A new analysis published in PLOS Computational Biology suggests that, in order to boost freedoms and protect against overwhelming new waves of COVID-19, the pace at which restrictions to reduce spread are lifted must be directly tied to the pace of vaccination.
More than a year after the COVID-19 pandemic began, vaccination programs now hold promise to ease many burdens caused by the disease—including necessary restrictions that have had negative social and economic consequences. Much research has focused on vaccine allocation and prioritization, and optimal ways to control spread. However, how to execute a smooth transition between an unprotected population to eventual population immunity remained an open question.
To address that question, Bauer and colleagues applied mathematical modeling to epidemiological and vaccination data from Germany, France, the UK, and other European countries. Specifically, they quantified the pace at which restrictions could be lifted during vaccine rollout in order to mitigate the risk of rebound COVID-19 waves that overwhelm intensive care units.

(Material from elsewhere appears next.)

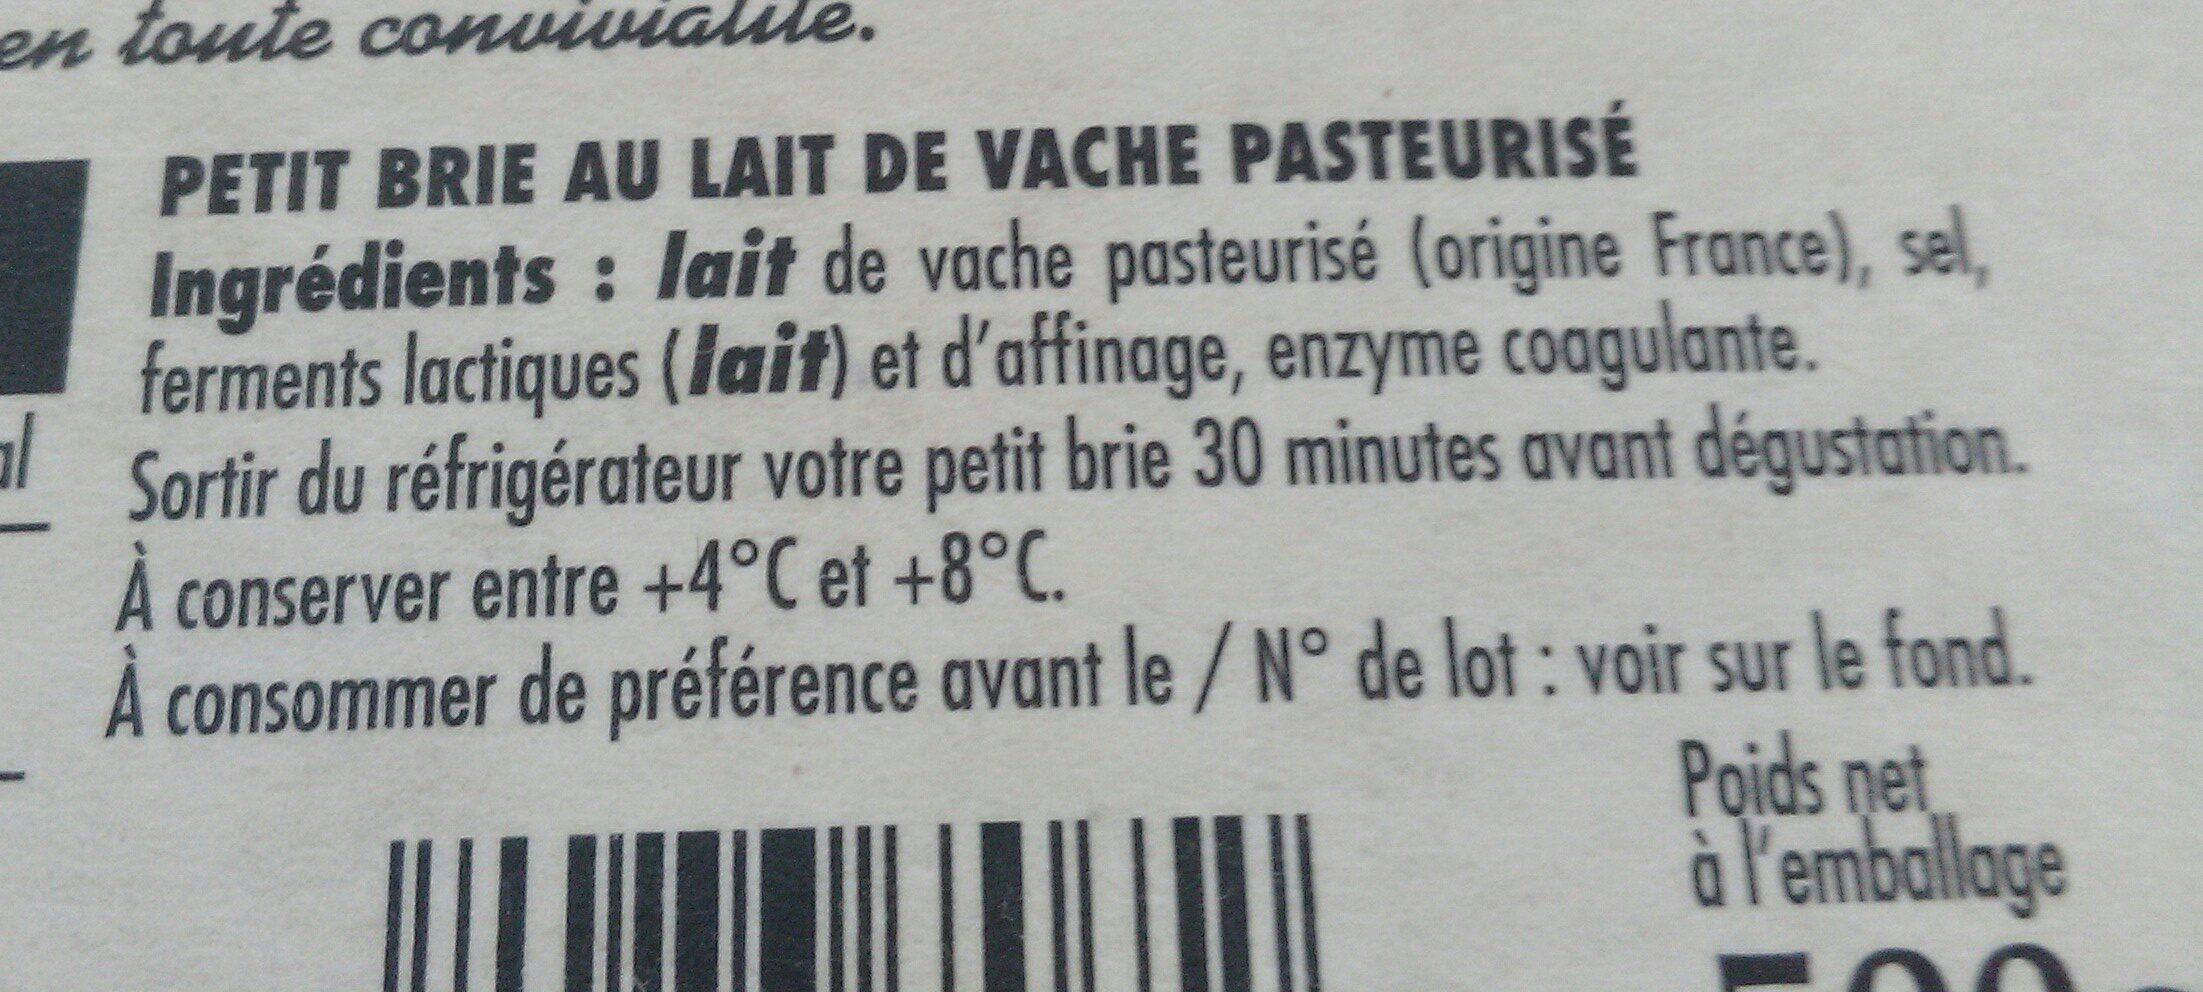 Petit brie - Ingrédients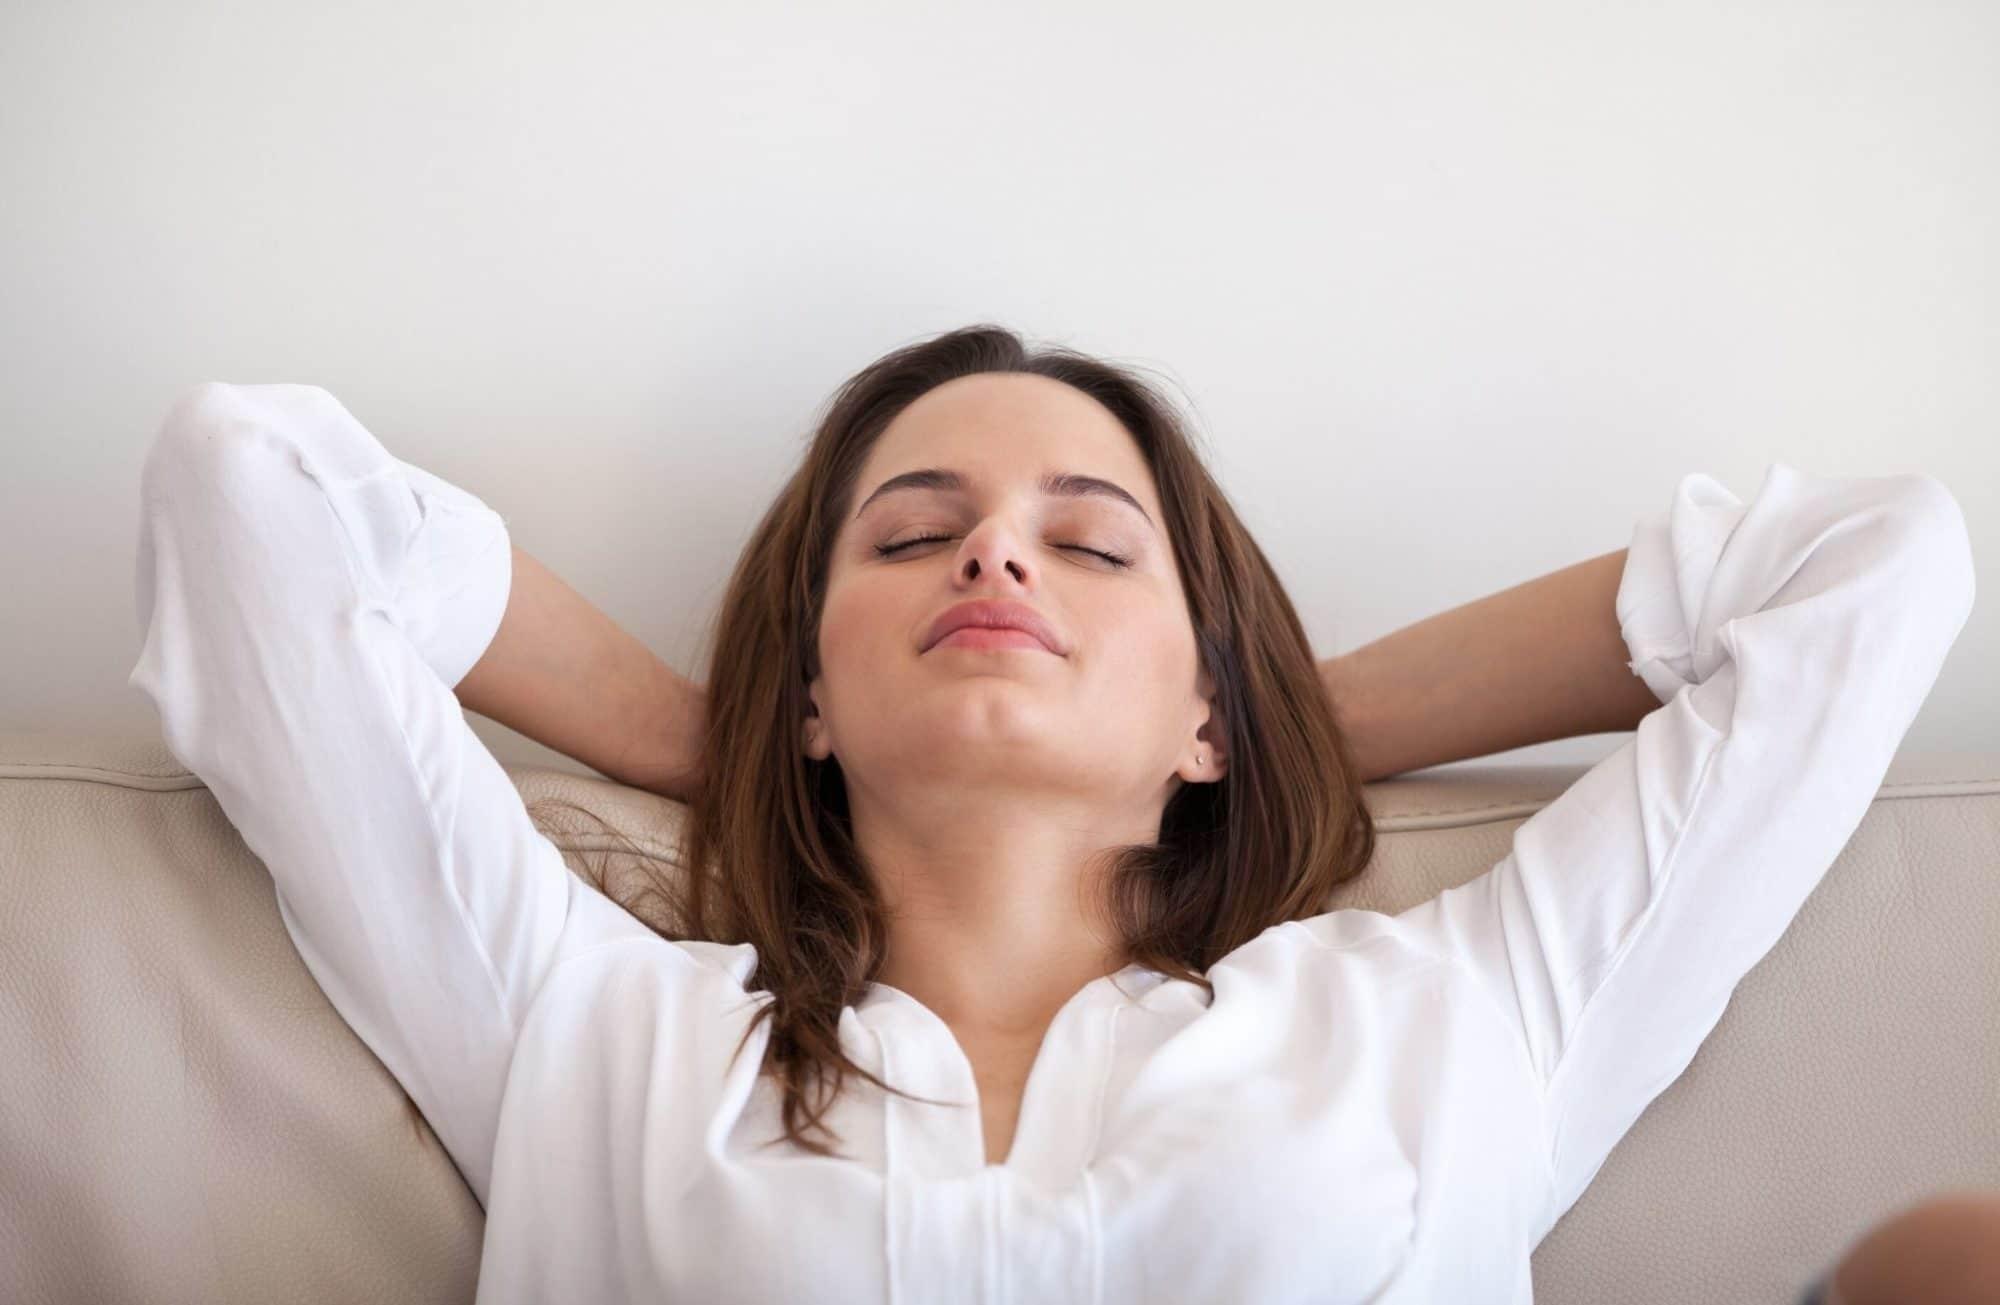 Se détendre grâce à l'hypnose : on essaie ?

After considering various plausible scenarios, the researchers concluded that further severe waves can only be avoided if restrictions are lifted no faster than the pace dictated by vaccination progress, and that there is basically no gain in freedom if one eases restrictions too quickly. The findings suggest that, even after 80% of the adult population has been vaccinated, novel, more infectious variants could trigger a new wave and overwhelm intensive care units if lifting all restrictions.
“In such an event, restrictions would quickly have to be reinstated, thus quickly vanishing the mirage of freedom,” Priesemann says. “Furthermore, an early lift would have high morbidity and mortality costs. Meanwhile, relaxing restrictions at the pace of vaccination shows almost the same progress in ‘freedom’ while maintaining low incidence.”
The researchers say their findings suggest that, despite public pressure, policymakers should not rush relaxation of restrictions, and a high vaccination rate—especially among high-risk populations—is necessary. Further research will be needed to design optimal scenarios from a global perspective.